William Hawkeswood was one of my favorite graduate students; indeed, he was beloved by everyone in the Anthropology Department at Columbia University. He was always larger than life but also capable of great intimacy and warmth, and he was unfailingly generous with his time, his considerable expertise, and his spirit. When he died in the summer of 1992, his loss was felt deeply by everyone who had known him.

Bill spent his last years writing this book, and one of the sadnesses of his death is that he will not hold it in his hands. I know that he would have been pleased not only to see his work put before the public but to take his place among the social scientists committed to the analysis and understanding of gay life in America. For Bill, this was a particular passion, an expression of his own identity and his intellectual center.

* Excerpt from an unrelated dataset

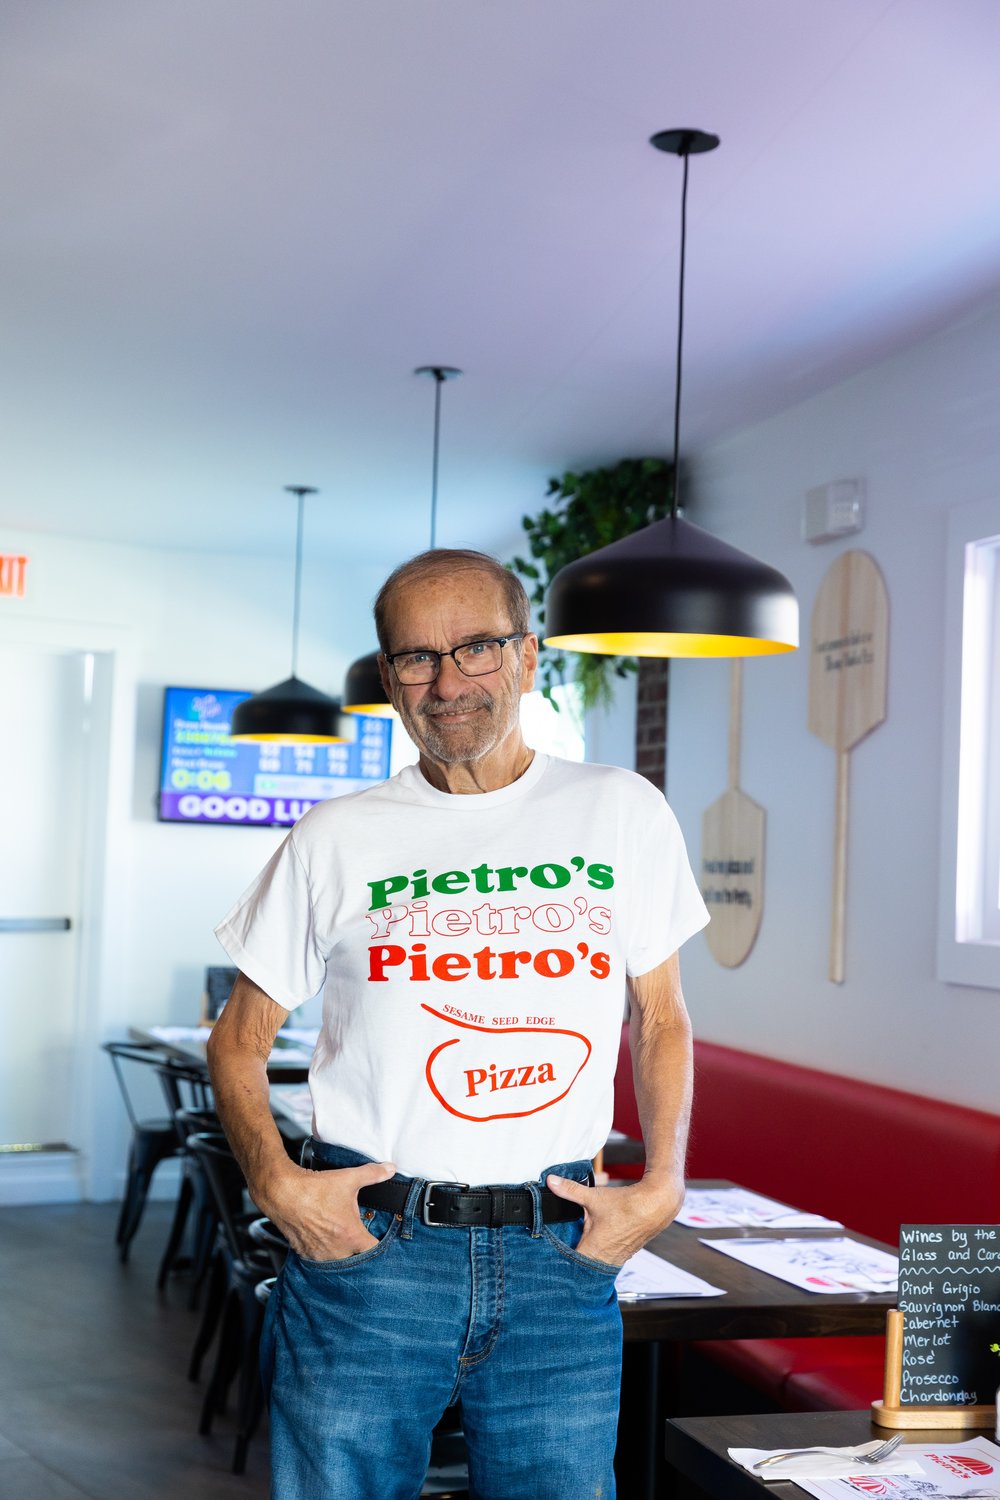 Arigo was the longtime, well-known owner of the family-run pizzeria Pietro’s. He died on Sept. 21 after a long battle with lung cancer.

One of the Children is more, much more, than a description of gay black men in Harlem. It is an attempt to understand the often uneasy fusion of race and sexuality in a country with a long and tortured history of segregation and bigotry on both counts. Harlem, one of the cultural capitals of African-American society, was the focus of Hawkeswood's ethnography because it is in Harlem that so many gay black men have created lives that bring together their experiences as African-Americans and as gay men. Bill wanted to show that an effervescent, creative, and historically grounded culture has evolved in the heart of the inner city, that it is a source of sustenance for ordinary people and extraordinary artists.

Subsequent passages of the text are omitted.